Logistic regression

Logistic regression #

Background #

There is a simple way to adapt linear regression to a technique that can solve classification questions. In a single-class classification task, the data set \[ \mathcal{D} = \{(\vec{x}_i, y_i)\}_{i=1}^n \] still consists of feature vectors \(\vec{x}_i\) and outputs \(y_i\) but each output takes on either the value \(1\) or \(0\) indicating whether or not the data point belongs to a given class or not. For example, if the feature vector \(\vec{x}_i\) encodes an image of a hand-written digit, \(y_i\) may indicate whether or not that image represents the digit 7. We need to adapt two things.

The prediction function #

Predictions in a classification task should be real numbers in the range \([0,1]\); they can then be interpreted as a probabilities. Mathematically, it is easy to adapt linear regression to do this. In linear regression, the prediction is made by the formula \[\hat{y}_i = h_{\vec{w}}(\vec{x}_i)=\vec{x}_i^t \vec{w}\] where the weight vector \(\vec{w}\) is learned from the data. The value of \(\hat{y}_i\) can be any real number. But now suppose that we have a function \(\sigma : \mathbb{R} \rightarrow [0,1] \) lying around. We can then compose it with the output of usual regression to make our prediction. That is, \[ \hat{y}_i = h_{\vec{w}}(\vec{x}_i) = \sigma(\vec{x}_i^t \vec{w}).\]

Potentially, there is quite a bit of flexibility in choosing \(\sigma\) but by far the most common choice is the sigmoid function defined by \[ \sigma(x) = \frac{1}{1+e^{-x}}.\] It should be clear from the following graph that \(\sigma\) has the desired property, condensing any real-valued output into the interval \([0,1]\).

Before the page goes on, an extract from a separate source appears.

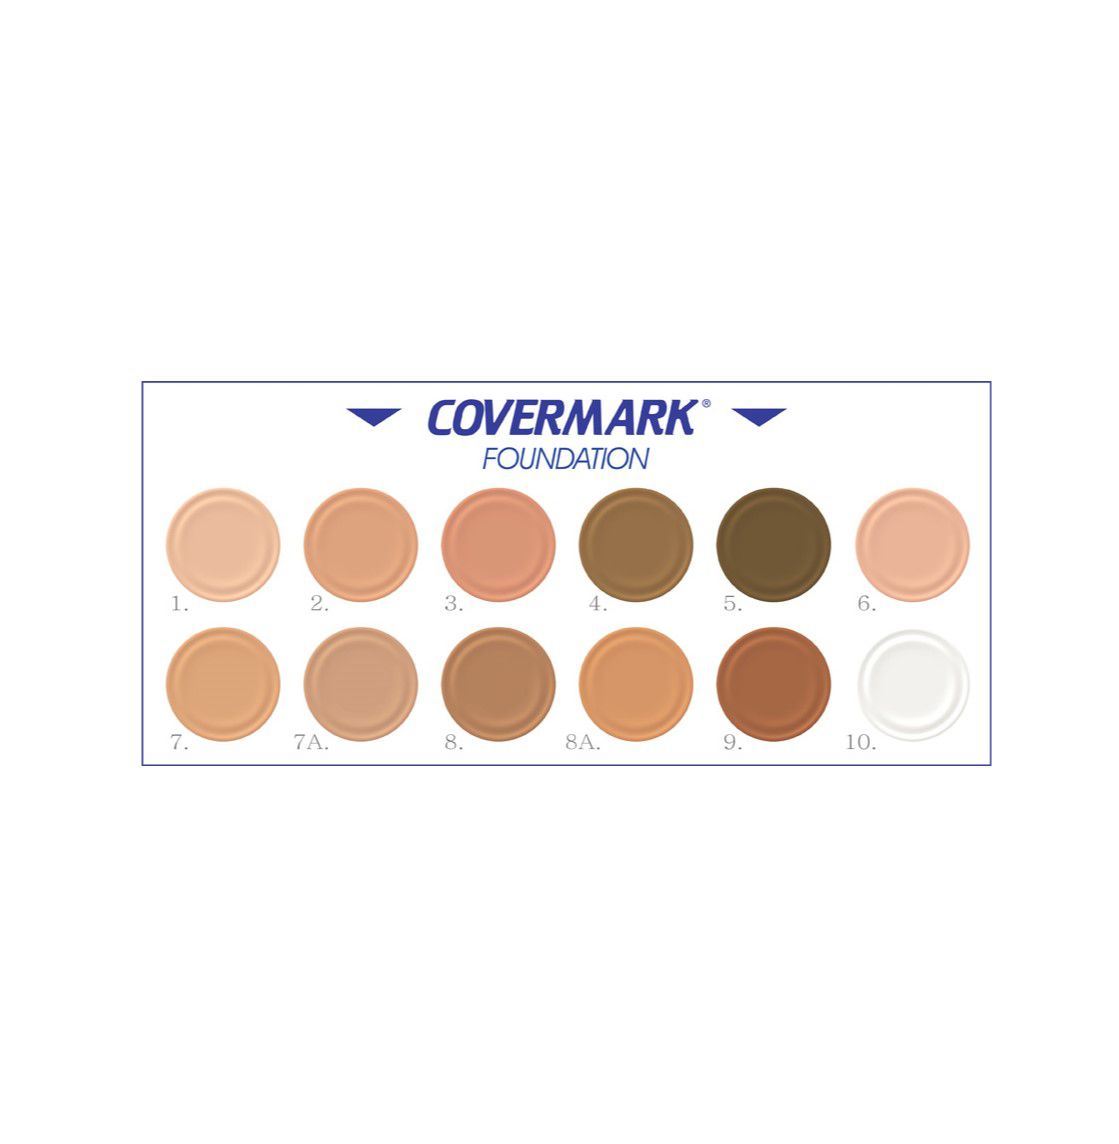 Kit Covermark Foundation - 12 cores, Pó Fixador, Primer e Removedor

Exercise: Show that the derivative of \(\sigma\) has a particularly appealing form: \[ \sigma’(x) = \sigma(x)(1-\sigma(x)),\] when \(\sigma\) is the sigmoid function.

The loss function #

The central question of logistic regression is to find a weight vector \(\vec{w}\) that minimizes the average loss for the points in our data set; that is, minimizes the function

\[ \mathcal{L}(\vec{w}, \mathcal{D}) = \frac{1}{n} \sum_{i=1}^n \ell(h_{\vec{w}}(\vec{x}_i), y_i) \]

where \(\ell\) is a function that measures the similarity of the prediction \(h_{\vec{w}}(\vec{x}_i)\) and \(y_i\). We could use square loss as usual, but there is a more interesting choice. The formula itself comes from information theory, although there is quite a bit of background involved.

Definition: Let \(\hat{y}_i = h_{\vec{w}}(\vec{x}_i) \) be our prediction. The cross entropy loss is defined by \[ \ell(\hat{y}_i, y_i) = - y_i \log (\hat{y}_i) - (1-y_i) \log (1-\hat{y}_i)\]

Our aim is to make some sense of this loss function and have at least an intuitive explanation why it is appropriate to use in logistic regression.

Homework exercise:

There are two parts:

First, explain the formula for \(\ell(\hat{y}_i, y_i)\). Graph the output of this loss as a function of \(\hat{y}_i \in [0,1]\). Do this separately for \(y_i=0\) and \(y_i=1\). Focus on the value of the loss function if the prediction is inaccurate. How is it different than squared loss?
Second, follow the outline of this notebook to compare the shape of the square-loss and cross-entropy loss functions on a simple data set. If we are to use gradient descent when we seek to minimize loss, why would you expect cross-entropy loss to yield better results?